## WHAT YOU HAVE TO DO
Repeat the data below in full. Pictures must not be part of the copy.

## GIVEN DATA
◆ ◆ ◆

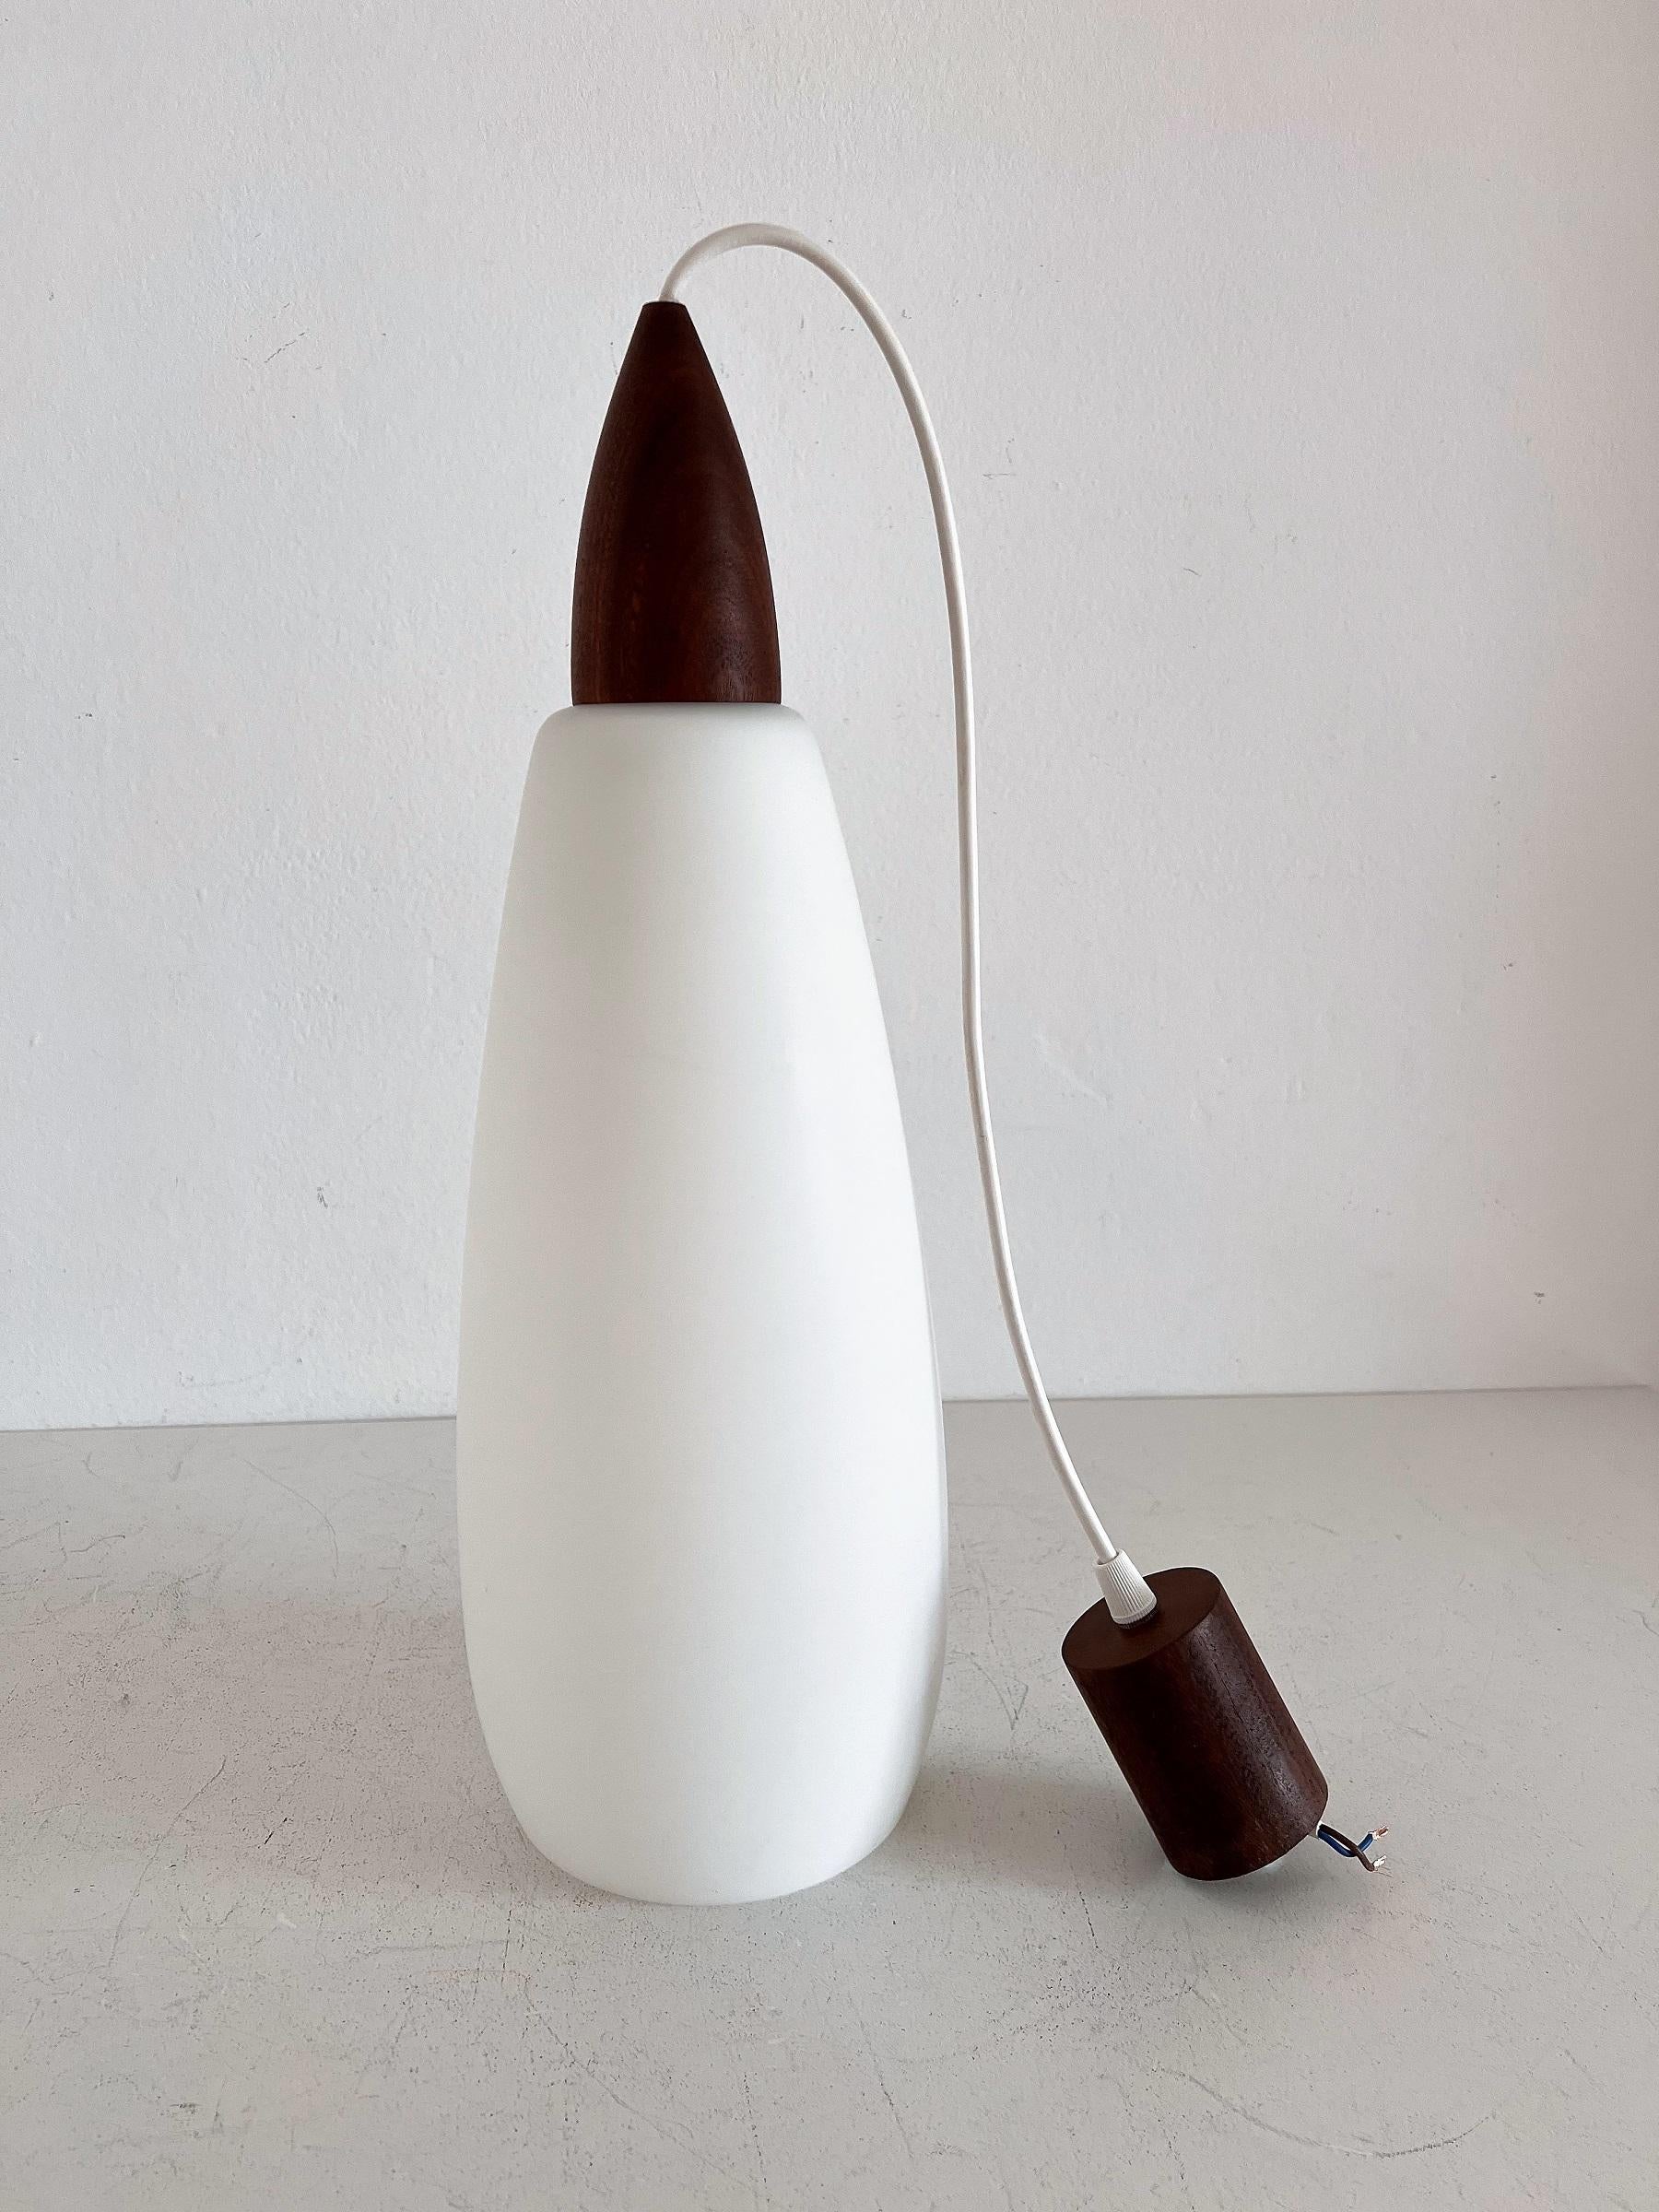 Italian Midcentury Nordic Style Pendant in Teak and Milk Glass, 1960s For Sale 3
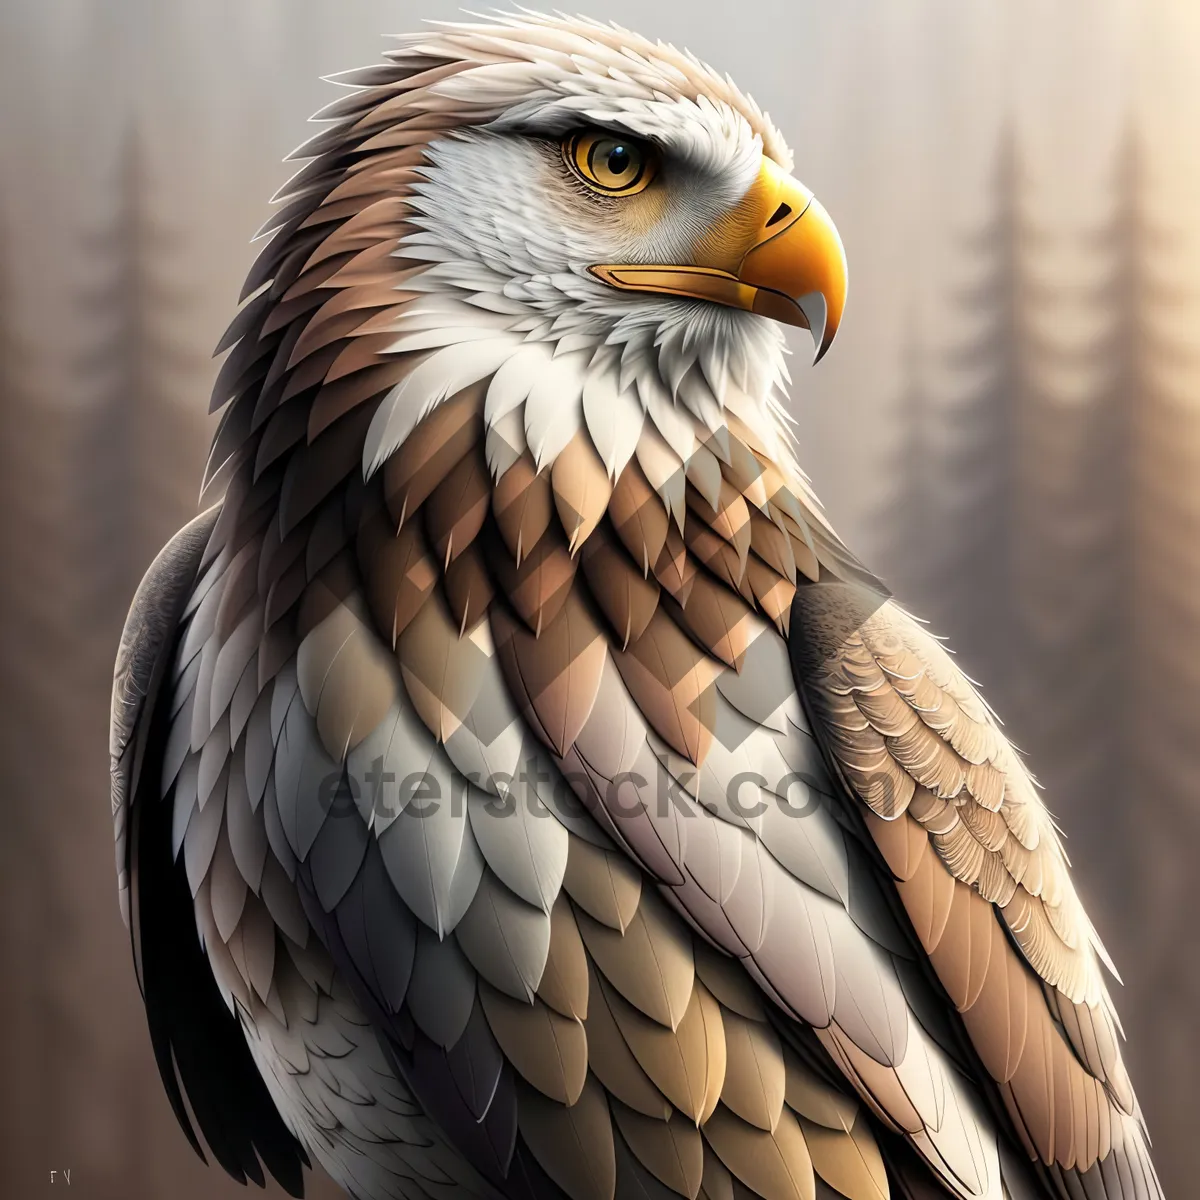 Picture of Predatory Majesty: Intense Gaze of a Falcon
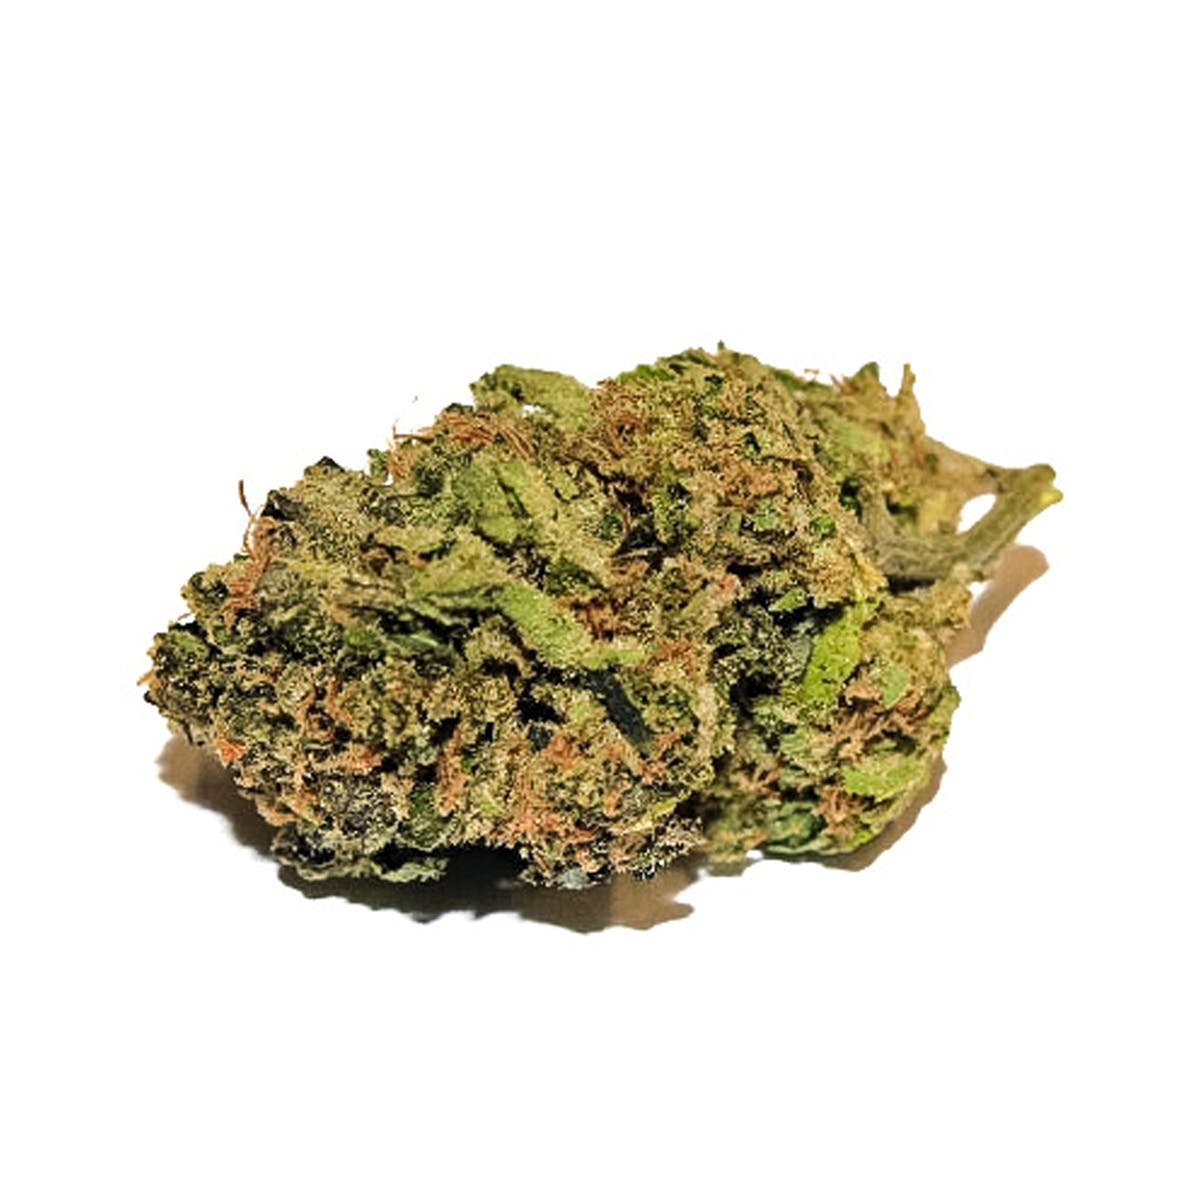 marijuana-dispensaries-storehouse-in-baltimore-brendas-gift

◆ ◆ ◆

## EXERCISE OUTPUT
 Italian Midcentury Nordic Style Pendant in Teak and Milk Glass, 1960s For Sale 3
 Picture of Predatory Majesty: Intense Gaze of a Falcon
 marijuana-dispensaries-storehouse-in-baltimore-brendas-gift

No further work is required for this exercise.